The Society of Saint Pius X (SSPX), which pressured the Vatican for years to promote the Tridentine Latin rite rarely used since the Second Vatican Council (1962-1965), said over the weekend it still wanted Benedict to roll back other changes.
The SSPX rejects the opening to other faiths decided by the Council, especially the new positive approach to Judaism, and papal apologies for sins of Catholics against Jews in the past.
Benedict last year allowed wider use of the old Latin Mass in what was seen as a gesture to the SSPX to rejoin the Church that excommunicated its leaders when rebel Archbishop Marcel Lefebvre ordained four bishops against Rome's wishes in 1988.
During his current visit to the United States, Benedict visited a New York synagogue and quoted documents of the Council several times in speeches to Catholic audiences.
"The time for an agreement has not yet come," SSPX head Bishop Bernard Fellay wrote in a letter to his followers published on Saturday by the SSPX information service DICI.
The decree on the old Latin Mass was "not accompanied by logically co-related measures in the other areas of the life of the Church," he said in the French-language letter.

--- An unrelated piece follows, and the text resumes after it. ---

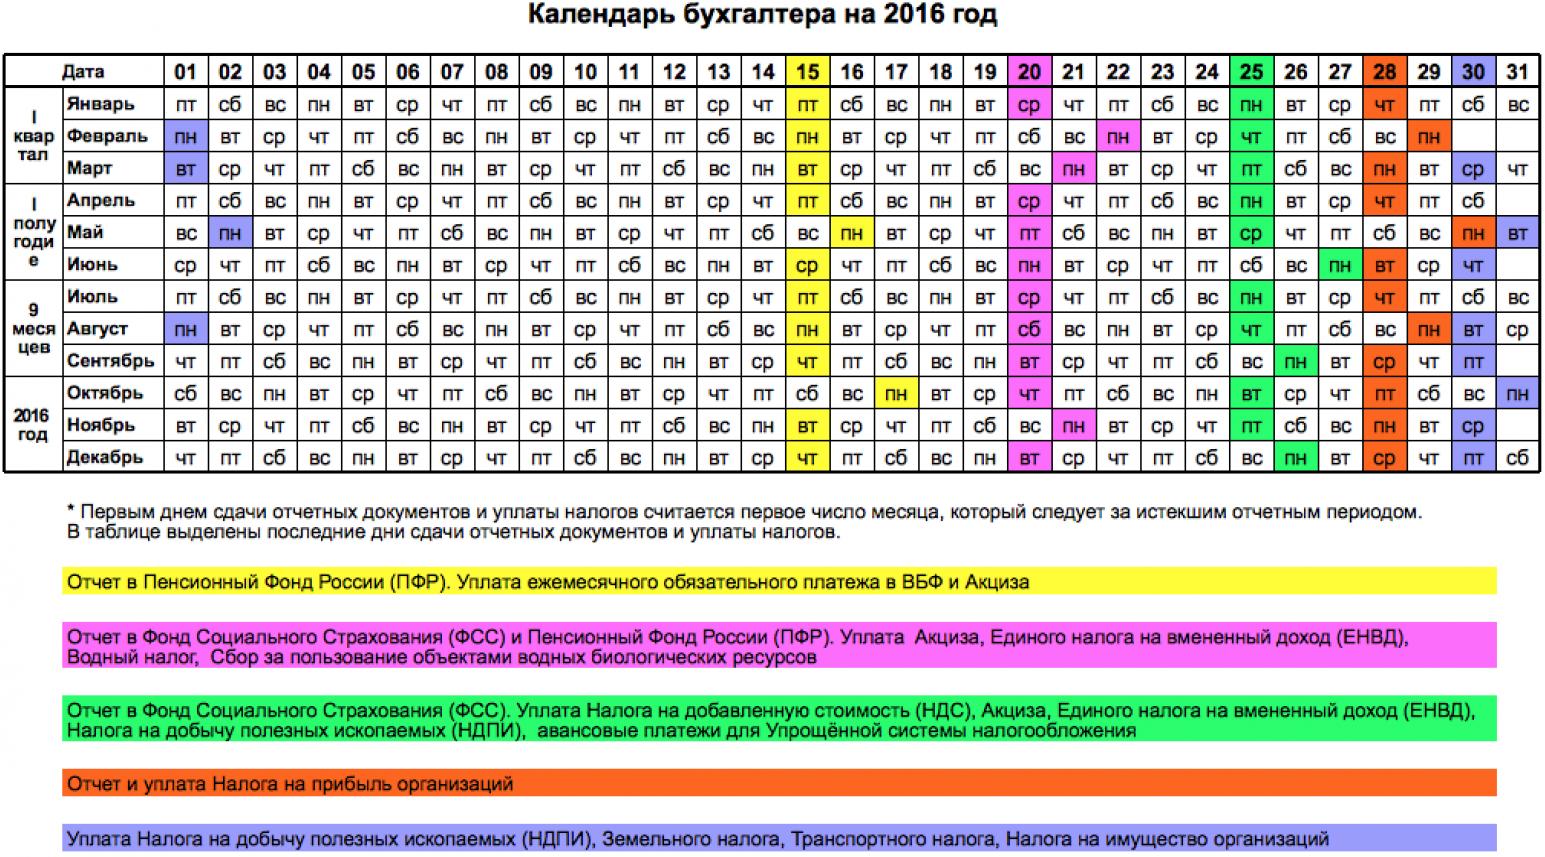 Календарь бухгалтера на 2016 год

"Nothing has changed in Rome's determination to follow the council's orientation, despite 40 years of crisis, despite the deserted convents, abandoned rectories and empty churches."

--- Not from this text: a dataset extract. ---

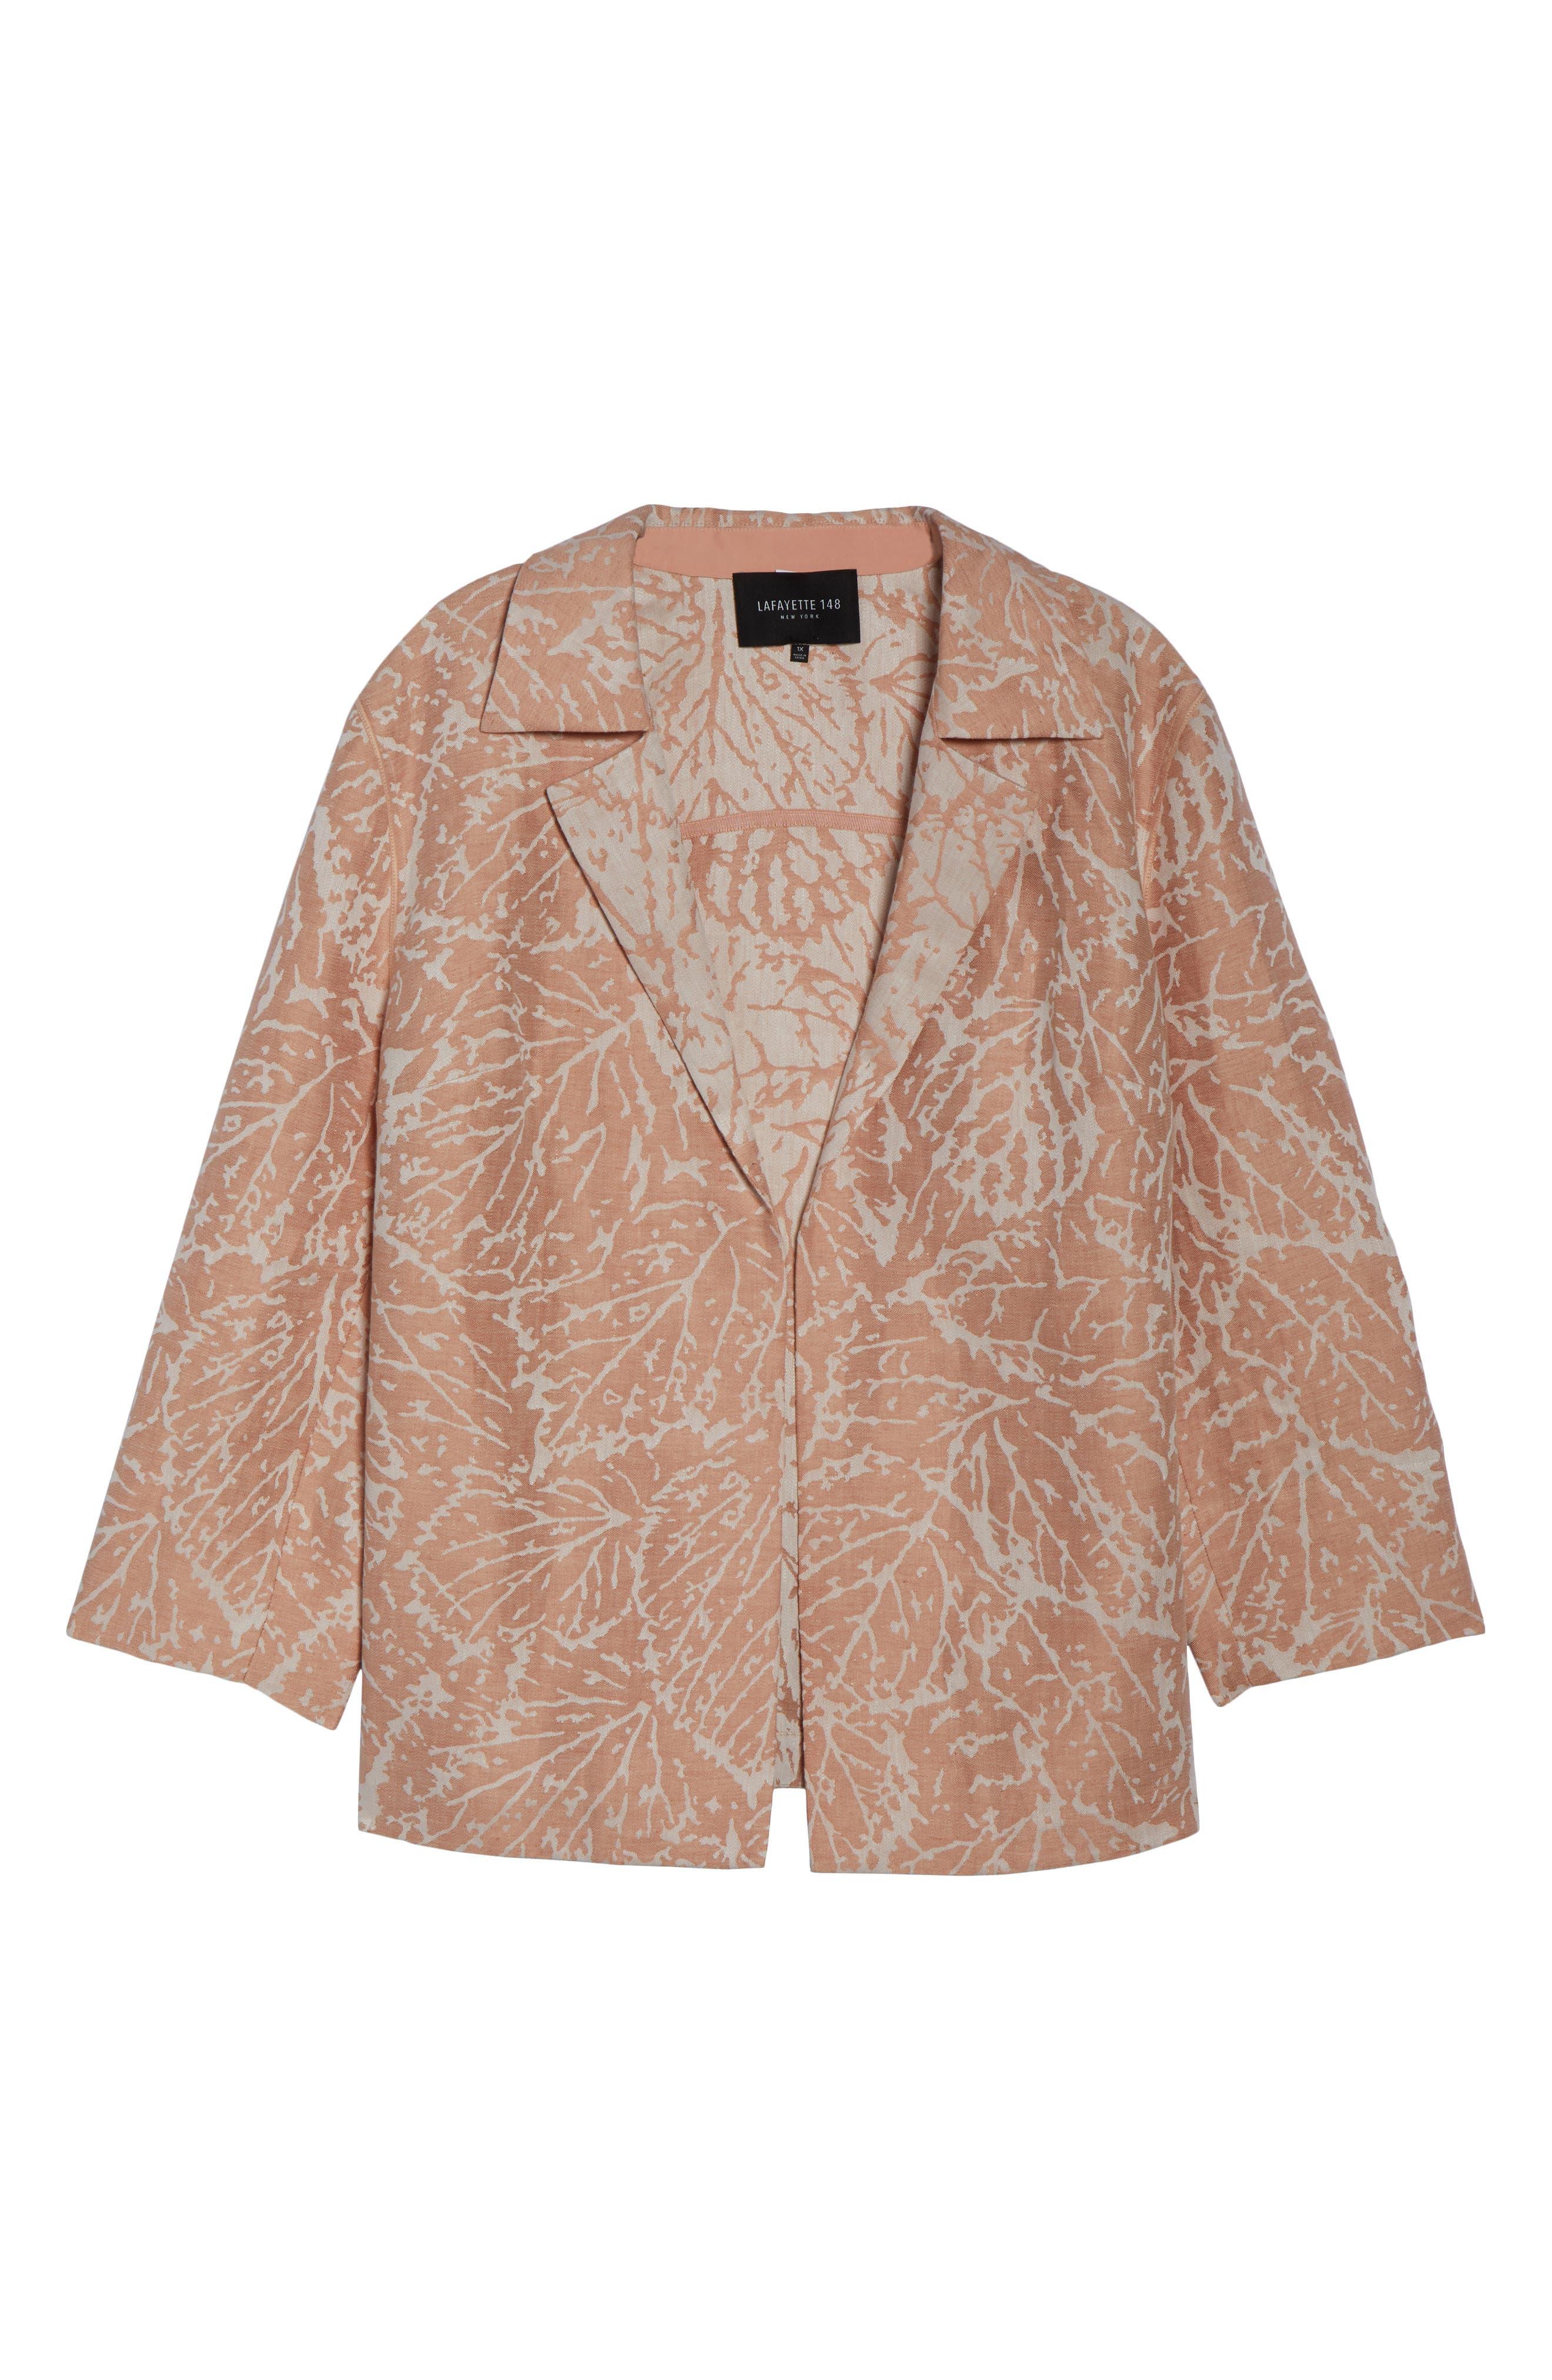 Phillipe Linen Jacket,                             Alternate thumbnail 6, color,                             Rose Quartz Multi

NO CHANGE IN VATICAN STAND
While Benedict has shown more sympathy to the SSPX than the late Pope John Paul did, he has not changed the Vatican stand that the rebels must accept the Council's decisions before they can return to the Roman fold.
In his letter, Fellay also discussed the state of Catholic education, another issue for Benedict on his U.S. visit.
"Catholic universities persist in their ramblings, teaching of the Catechism remains unknown and Catholic school does not exist anymore as particularly Catholic. They have become an extinct species," the SSPX leader wrote.
Benedict discussed the dilution of Catholic identity at Church-run schools in a meeting with Catholic educators in Washington on Thursday, but he praised the school administrators for their work and encouraged them.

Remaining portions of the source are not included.